Nasal Intermittent Positive-Pressure Ventilation vs Nasal Continuous Positive Airway Pressure for Preterm Infants With Respiratory Distress Syndrome: A Systematic Review and Meta-analysis
JAMA Pediatrics, 04/05/2012
Meneses J et al. – Among preterm infants with respiratory distress syndrome, NIPPV decreases the need for invasive ventilation within the first 72hours of life compared with nasal continuous positive airway pressure (NCPAP). Trials are needed to assess whether nasal intermittent positive–pressure ventilation (NIPPV) minimizes the occurrence of bronchopulmonary dysplasia and other comorbidities.

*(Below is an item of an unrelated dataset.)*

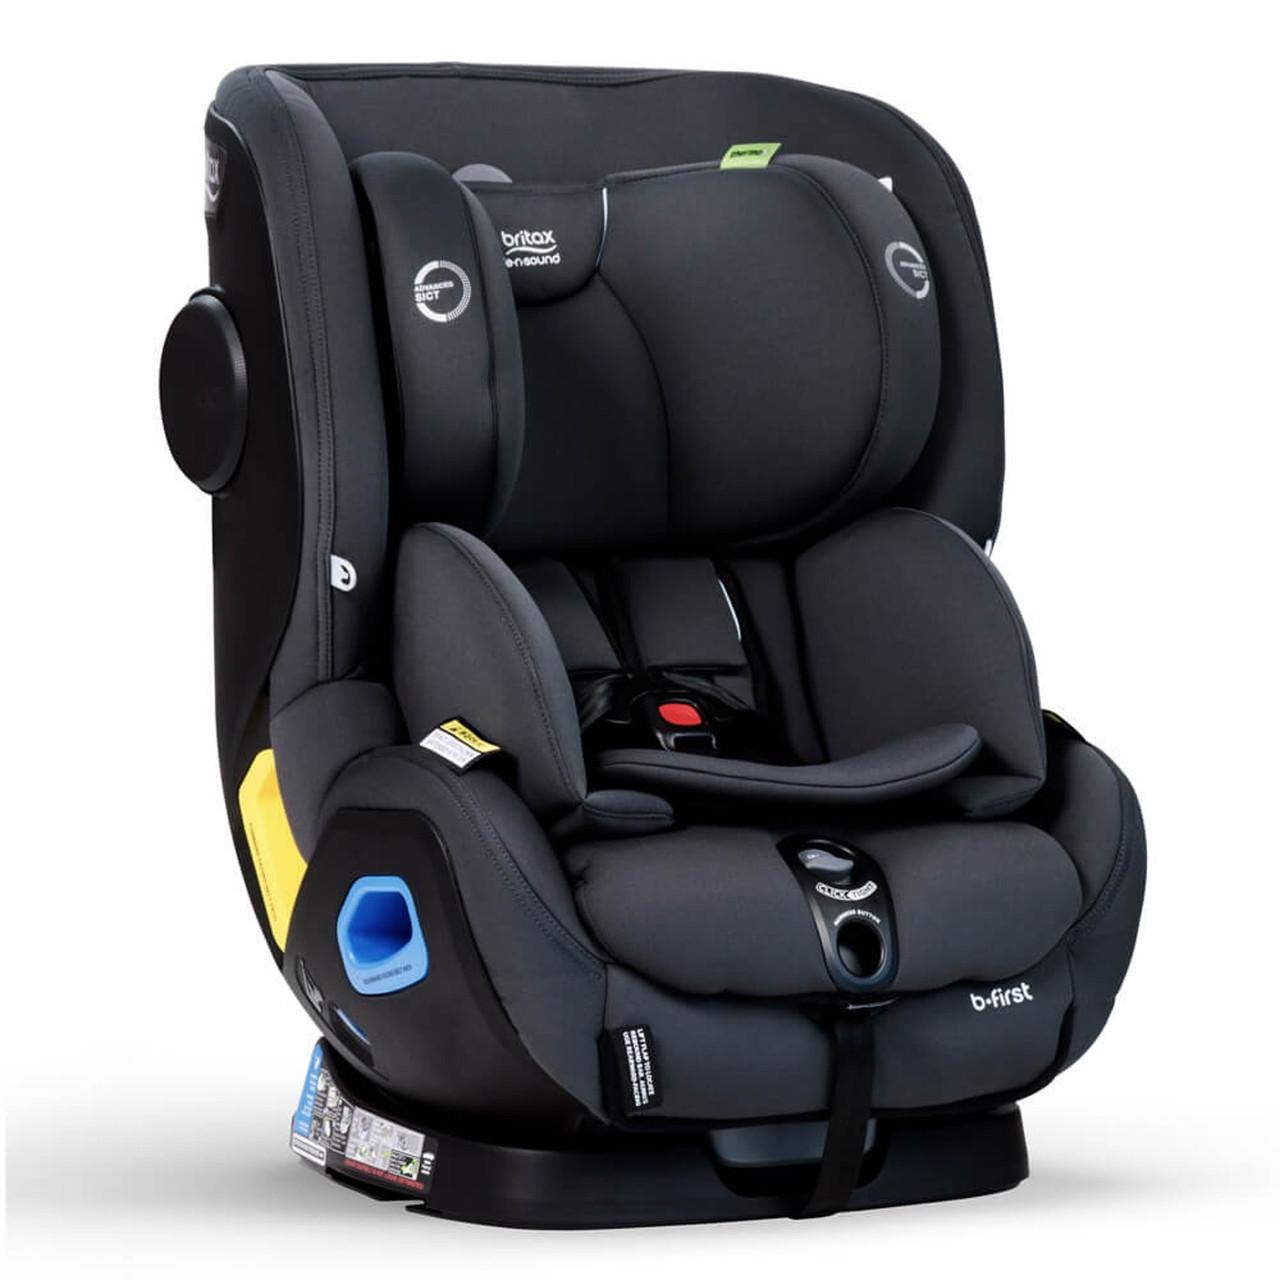 Britax Safe n Sound B-First Car Seat  - CHARCOAL

MEDLINE, EMBASE, CINAHL, Cochrane Central Register of Controlled Trials, and clinicaltrials.gov were searched, as well as abstracts from meetings of the Pediatric Academic Societies.
Randomized controlled trials involving infants with respiratory distress syndrome who received NIPPV vs NCPAP.
Data were extracted on the use of NIPPV vs NCPAP.
Also extracted were data on the need for invasive ventilation within the first 72hours of life and the incidences of bronchopulmonary dysplasia, pneumothorax, necrotizing enterocolitis, and intraventricular hemorrhage, as well as the time to full feeds and the duration of hospital stay.
Three trials were included (n=360).
A significant decrease in the need for invasive ventilation was found in the NIPPV group (risk ratio, 0.60; 95% CI, 0.43-0.83).
No difference between groups was found in the incidence of bronchopulmonary dysplasia (risk ratio, 0.56; 95% CI, 0.09-3.49).
No differences in the other outcomes were observed between the 2 groups.